[DATA EXTRACT — start]

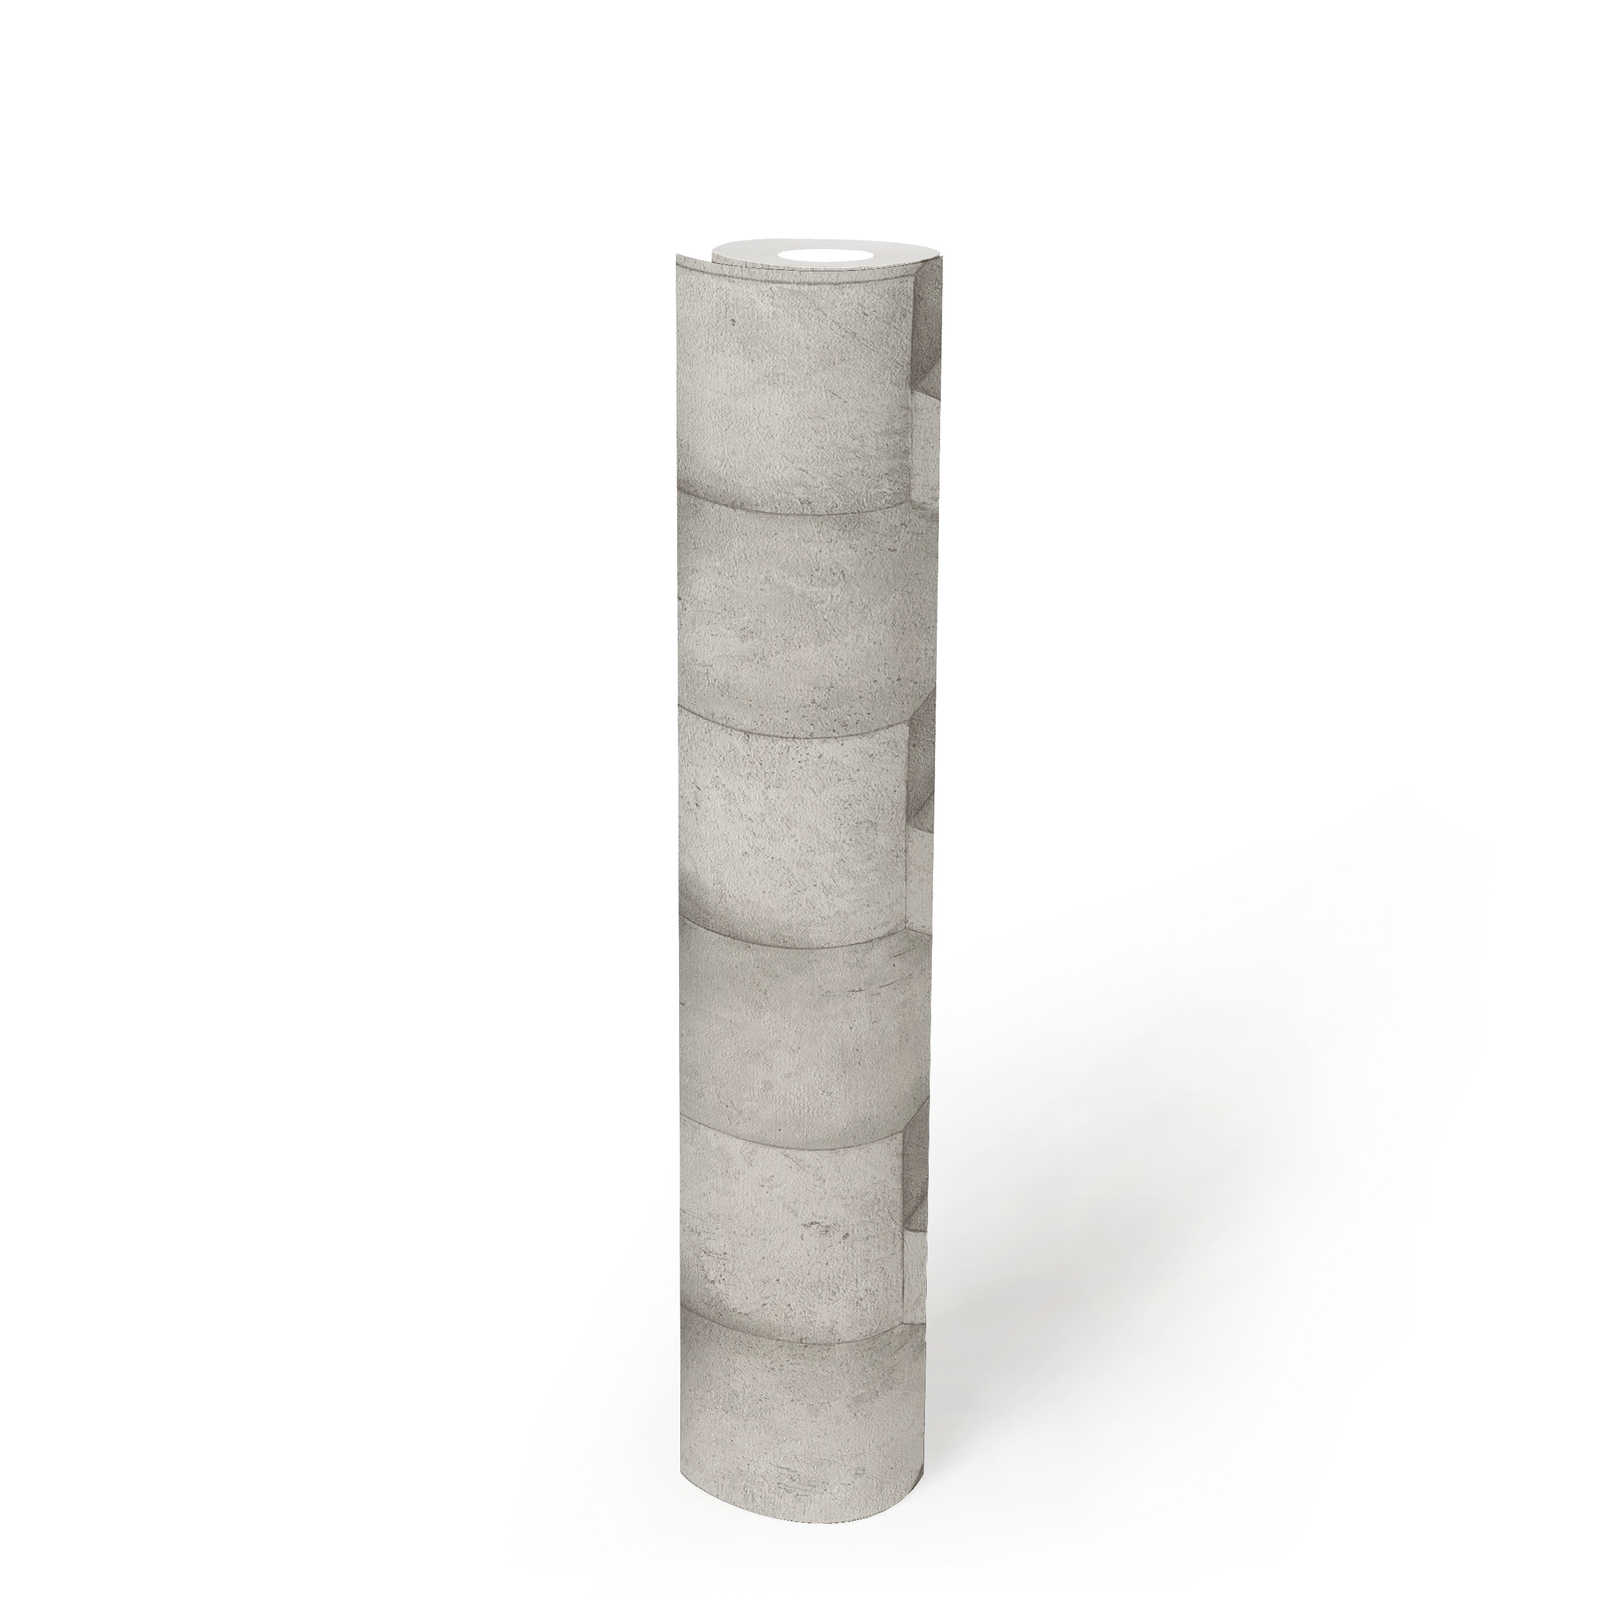             Papel pintado 3D piedra caliza con diseño de estructura - blanco, gris
        
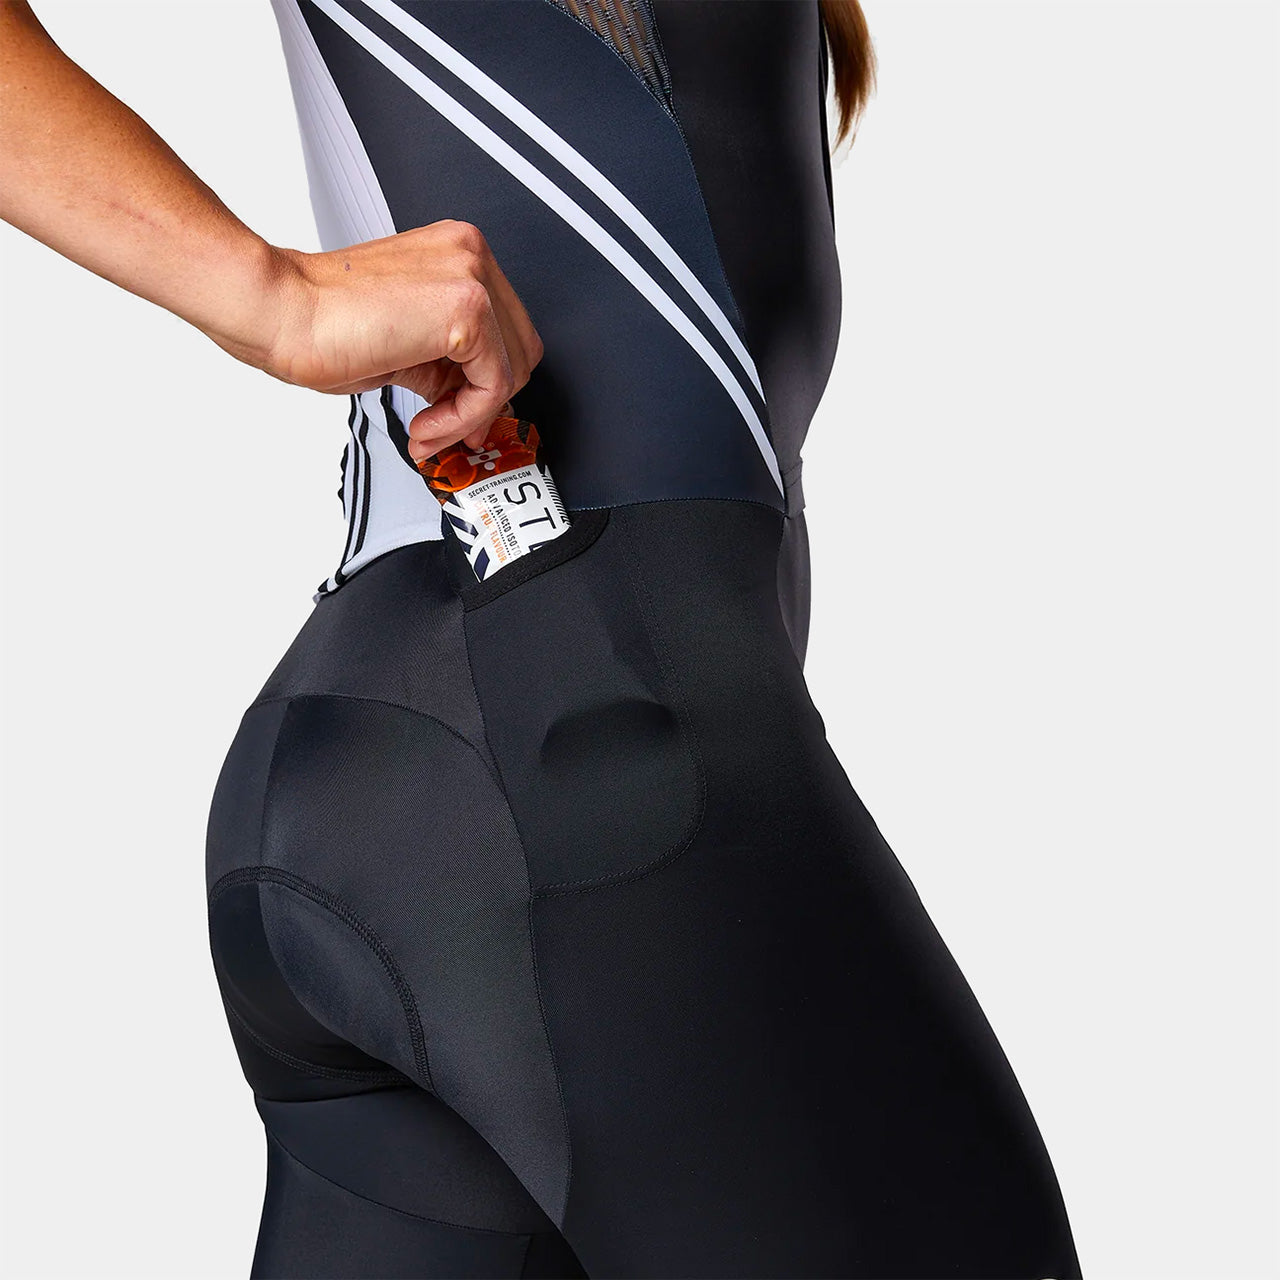 TRI-FIT EVO NEXT GEN Women's Tri Suit - Hip Gel Pocket
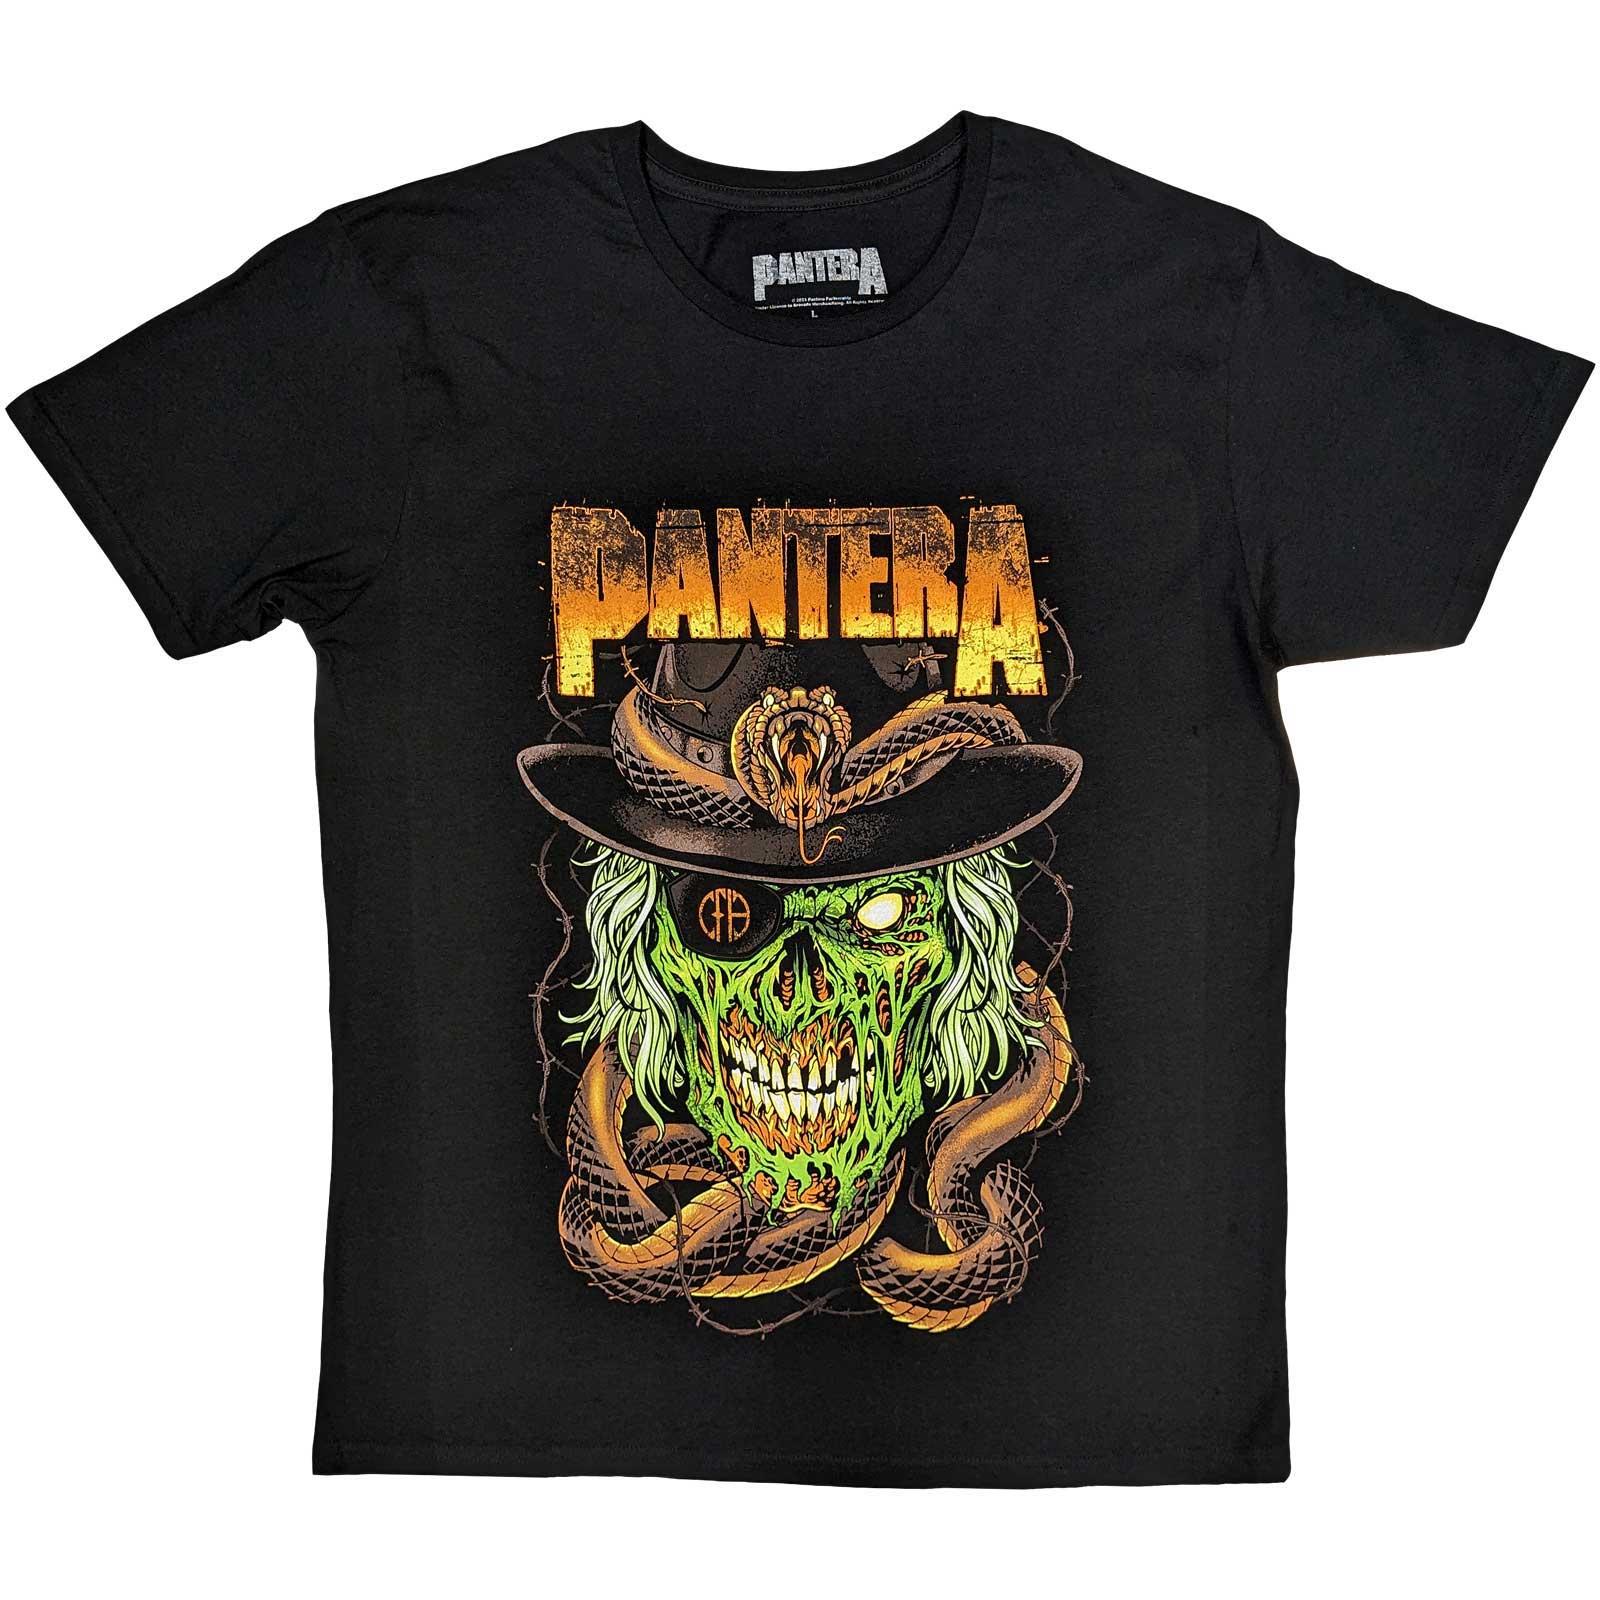 (パンテラ) Pantera オフィシャル商品 ユニセックス Skull & Snake Tシャツ コットン 半袖 トップス 【海外通販】

[DATA EXTRACT — finish]

WORK ORDER:
Give back the entire listing verbatim, without the pictures.

ANSWER TO THIS EXERCISE:
             Papel pintado 3D piedra caliza con diseño de estructura - blanco, gris
        
 TRI-FIT EVO NEXT GEN Women's Tri Suit - Hip Gel Pocket
 (パンテラ) Pantera オフィシャル商品 ユニセックス Skull & Snake Tシャツ コットン 半袖 トップス 【海外通販】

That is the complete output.